La morale sociale face à la morale du héros qui sommeille en chacun de nous, en quelque sorte. Avec Arnold Gehlen (1904-1976), qui s’inspirera du Français, l’on franchit une étape qualitative. Grande figure de l’anthropologie philosophique, dont il fut un éminent représentant dans le sillage du philosophe Max Scheler, l’auteur de L’Homme. Sa nature et sa position dans le monde (récemment traduit et paru en 2021), livre magistral dans lequel il énonce sa formule, devenue canonique, selon laquelle : « la position singulière de l’homme est d’être par nature un être de culture » (voulant par là signifier, que l’homme est l’animal le plus fragile de la nature ; en retour, celle-ci le contraint à adopter des stratégies de compensation en développant des compétences pluri-spécialisées qui rendent ainsi possible sa survie), se livre à une anthropogenèse (laquelle, en l’espèce, se mue en véritable phylogenèse) de ce qu’il appelle l’« hypermorale ». Il commence par identifier quatre instances de la morale (ou « instances éthiques originelles ») : l’éthos élaboré à partir de la réciprocité ou morale du devoir qui aurait son siège dans le droit naturel (la justice ou le don, par exemple) ; la morale instinctive ou vitale qui conditionne la survie même de l’espèce humaine ; la morale sociale dont la famille (et toutes les valeurs qu’elle cultive : solidarité, amour, etc.) représente l’expression primordiale ; et enfin la morale propres aux institutions (dont l’État) et engendrée par elles. Mais, ces instances régulatrices de la vie sociale ont subi des inflexions, quand elles n’ont été dévoyées en « hypermorale », soit une excroissance des vertus morales particulières au-delà de la sphère privée ; ou plutôt, une extensivité du privé vers la sphère publique (tendances que Carl Schmitt et Julien Freund avaient parfaitement entrevues).

Au dissolvant nietzschéen s’est substitué l’hypermorale

Gehlen pointe l’alliance de l’eudémonisme des masses, apparu au siècle des Lumières avec l’humanitarisme, cet « amour indifférencié du genre humain érigé en devoir éthique » (ou encore l’« extensibilité de l’éthos de la famille »), puisant, quant à lui, ses racines dans l’Antiquité. Les institutions politiques ne joueraient plus leur rôle d’endiguement et permettent l’immixtion des valeurs familiales dans les affaires de la Cité (au prix de collisions inévitables entre des impératifs éthiques bien souvent contradictoires, l’éthos privé n’étant guère commensurable à l’éthos public).
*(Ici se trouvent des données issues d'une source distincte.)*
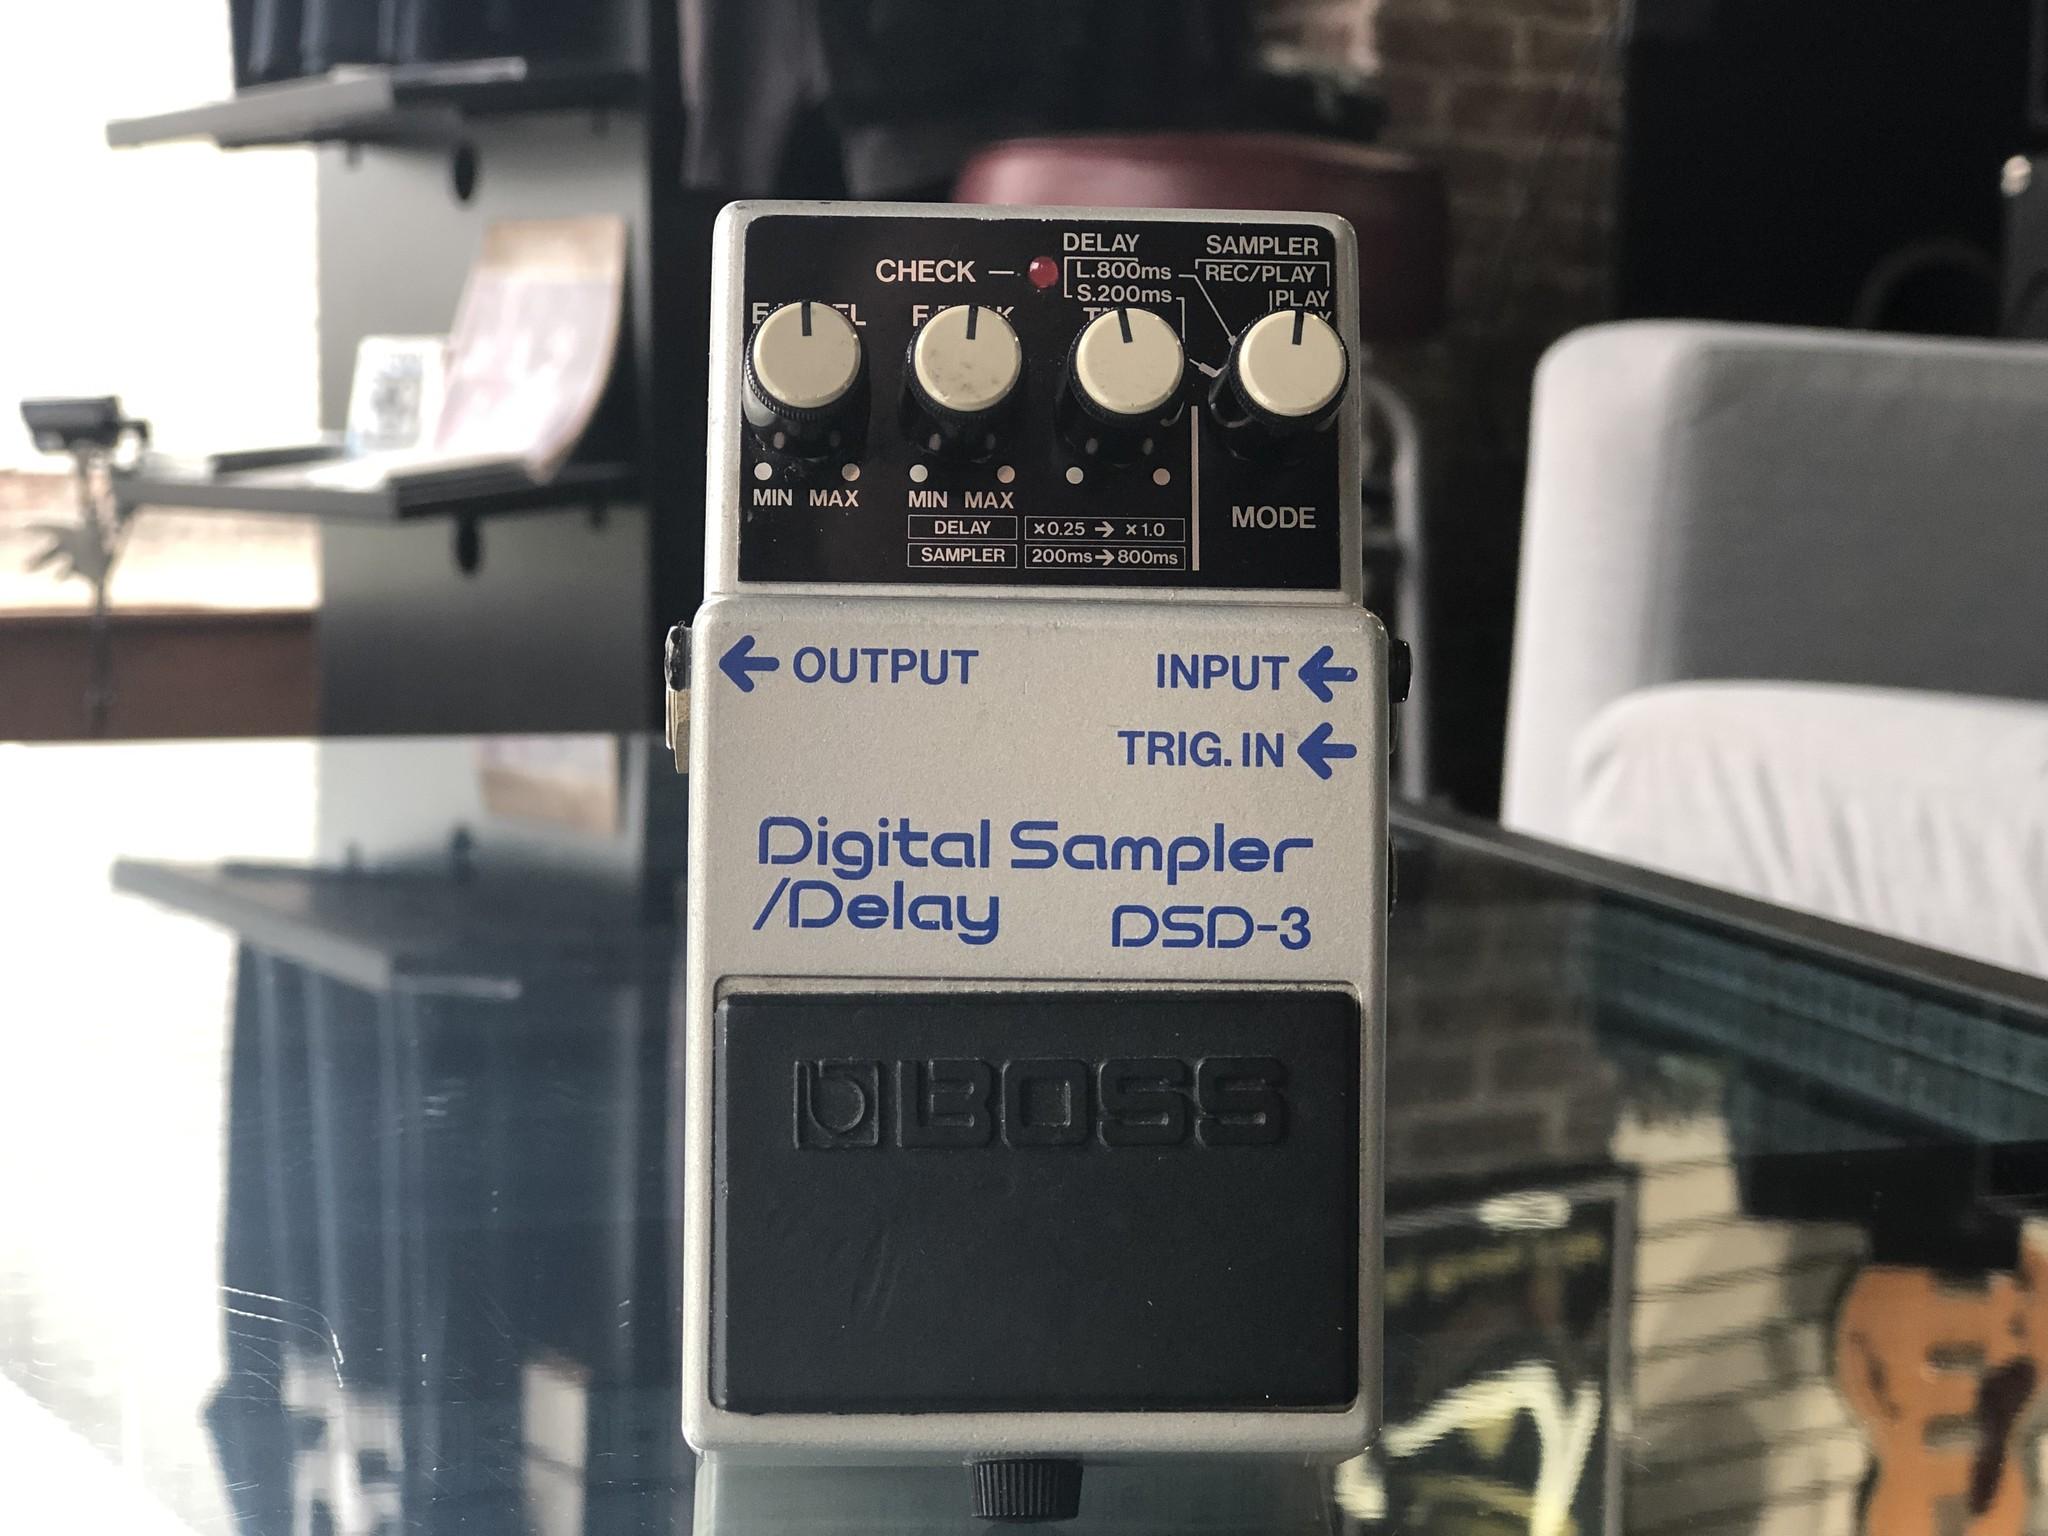 Boss DSD-3 Digital Sampler Delay Made in Japan-1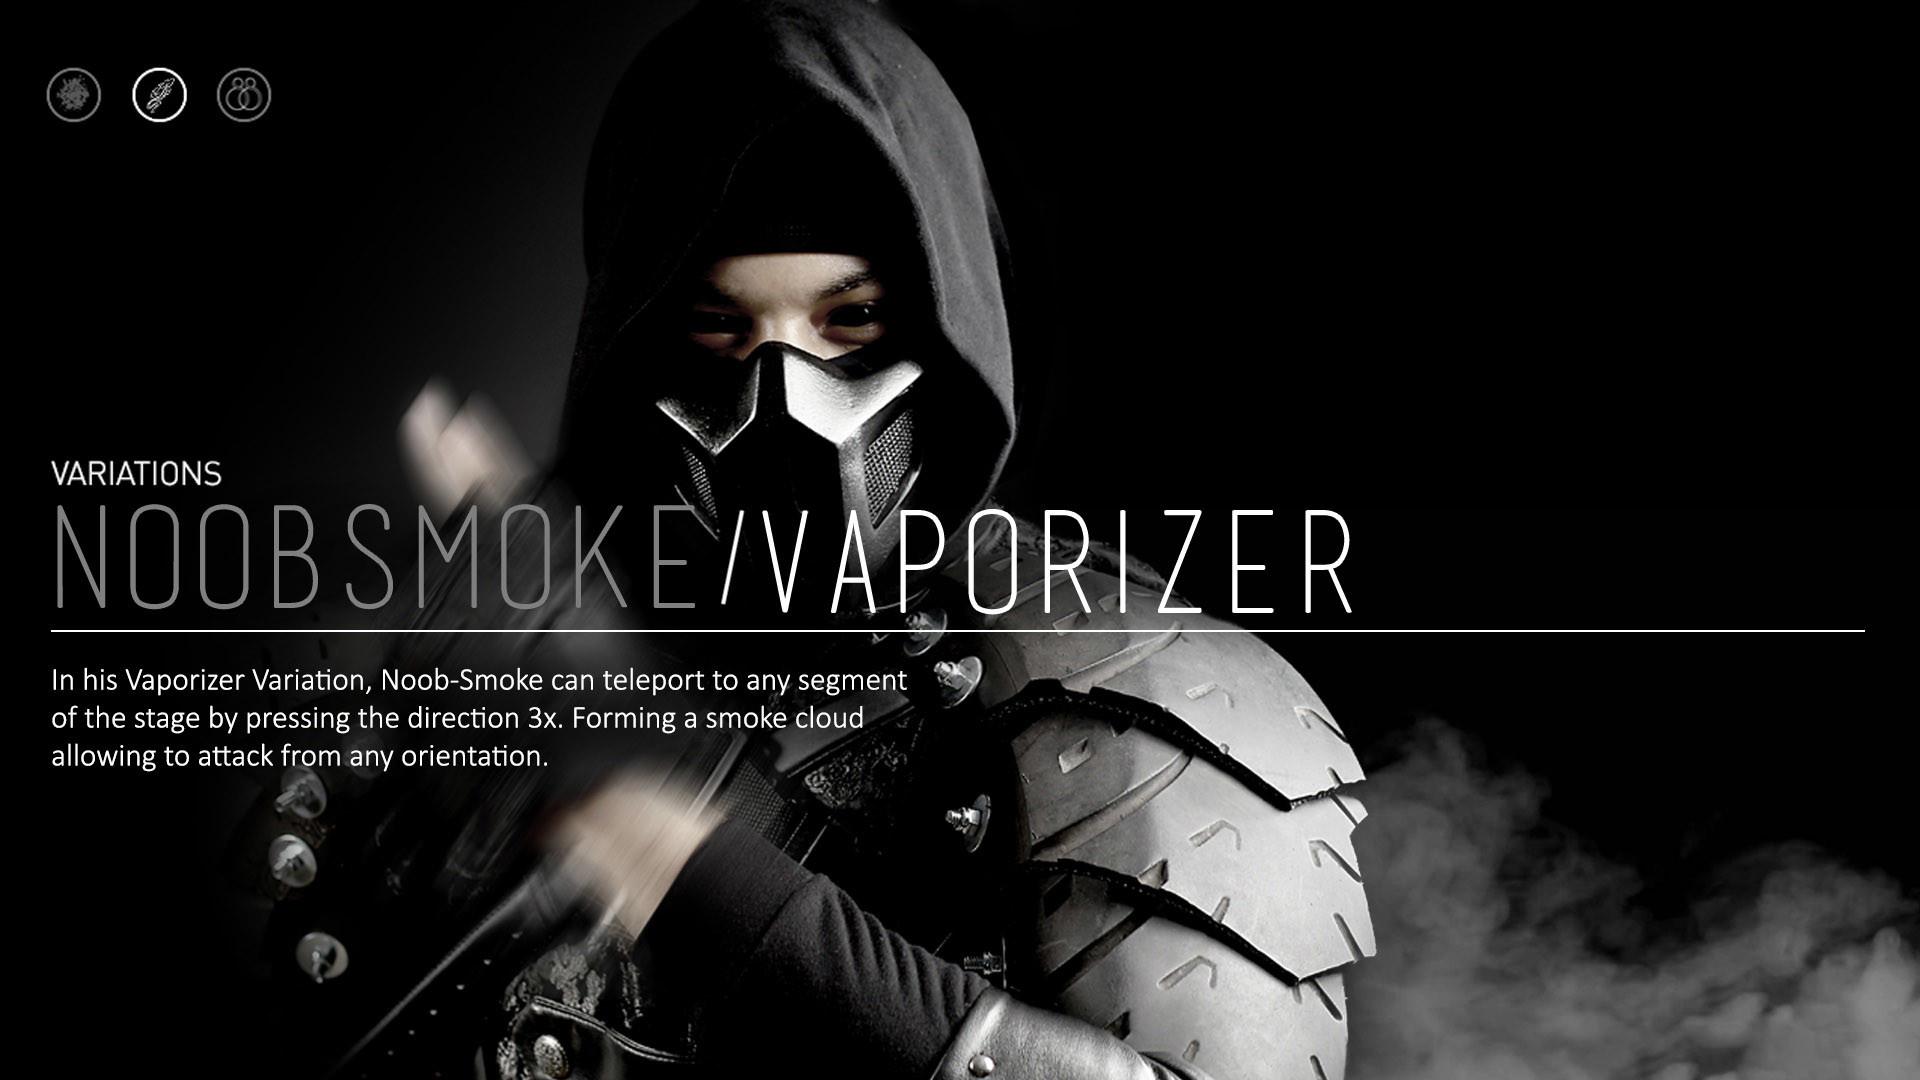 Mortal Kombat X Noob Smoke Wallpaper Wide or HD | Games Wallpapers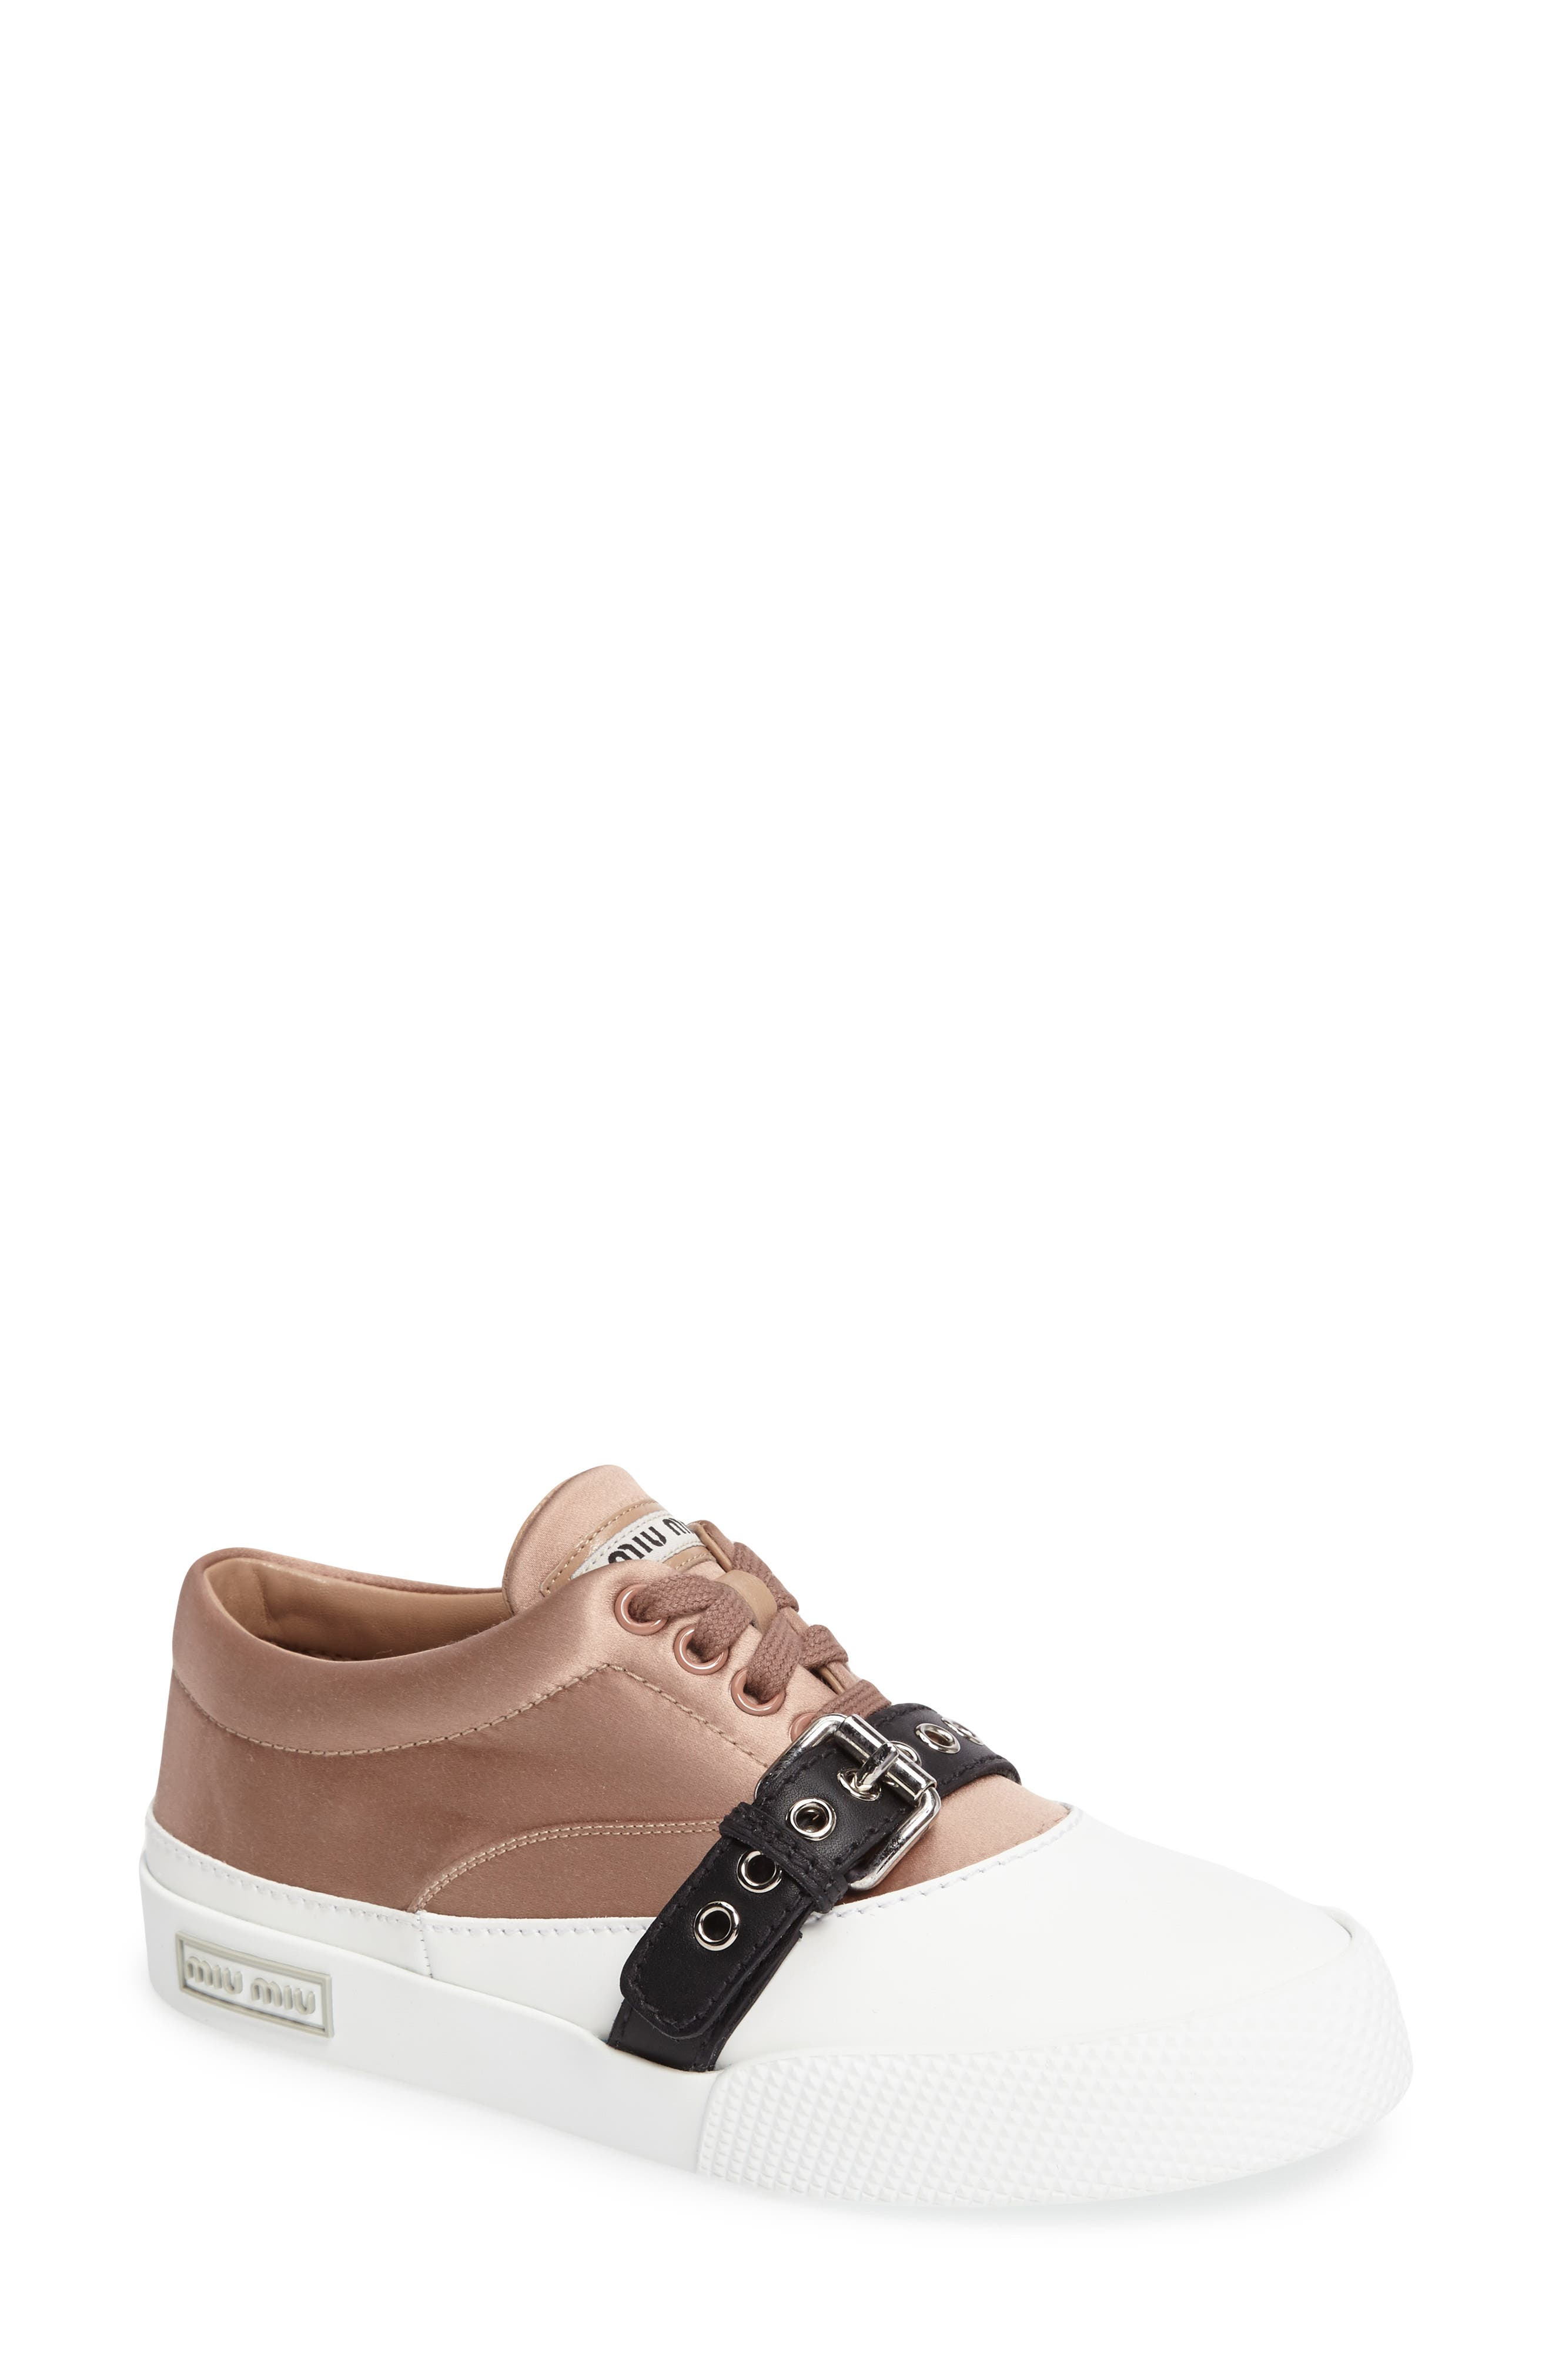 Main Image - Miu Miu Belted Sneaker (Women)

Gehlen relève d’ailleurs la part indue occupée par les valeurs féminines qui ruinent jusqu’aux fondements mêmes de l’État « réduit à un appareillage du bien-être ». Là où Nietzsche aurait volontiers parlé de « moraline », ce dissolvant du ressentiment, ce pousse-au-« crime contre la vie », Gehlen déplace le curseur des faibles, « guidés par l’intention cachée de se venger de la vie », vers les vrais « dominants » qui constituent la « contre-aristocratie » des intellectuels, ces privilégiés « qui n’ont pas à répondre des suites de leur agitation » (ces « élites » politico-médiatiques coupées du réel, telles que nous les dénommerions aujourd’hui). Au dissolvant nietzschéen s’est substitué l’incoercible pouvoir corrosif et corrupteur de l’hypermorale (que l’on pourrait tout aussi bien qualifier de « prêt-à-penser », tant, précisément, rompt-il toutes les amarres avec une pensée authentique, c’est-à-dire ascétique et méditative autant que critique, donc exigeante) sur l’esprit public. L’hypermorale n’est rien d’autre qu’une machine à araser les traditions : « l’hypertrophie morale s’intègre à merveille dans un système fondamentalement biologique, largement ouvert sur le futur, puisqu’elle implique d’emblée l’acceptance [sic] de tout ce qui pourrait advenir. On liquide par conséquent, en toute logique, ce que les temps anciens nous ont transmis d’éthos institutionnel, de morale sexuelle ou de réserve dans les rapports réciproques, la formule générale étant le « préjugé » – concept apparu dans la Venise décadente du XVIIIe siècle, où Carlo Gozzi affirmait : ’’La morale se tient coite au mot magique de pregiudizio’’ ». Qui ne reconnaîtrait derrière cette hypermorale l’autre nom de la délétère idéologie du progrès ?

 Arnold Gehlen, Morale et hypermorale. Krisis, 2023, 278 p., 26,50€.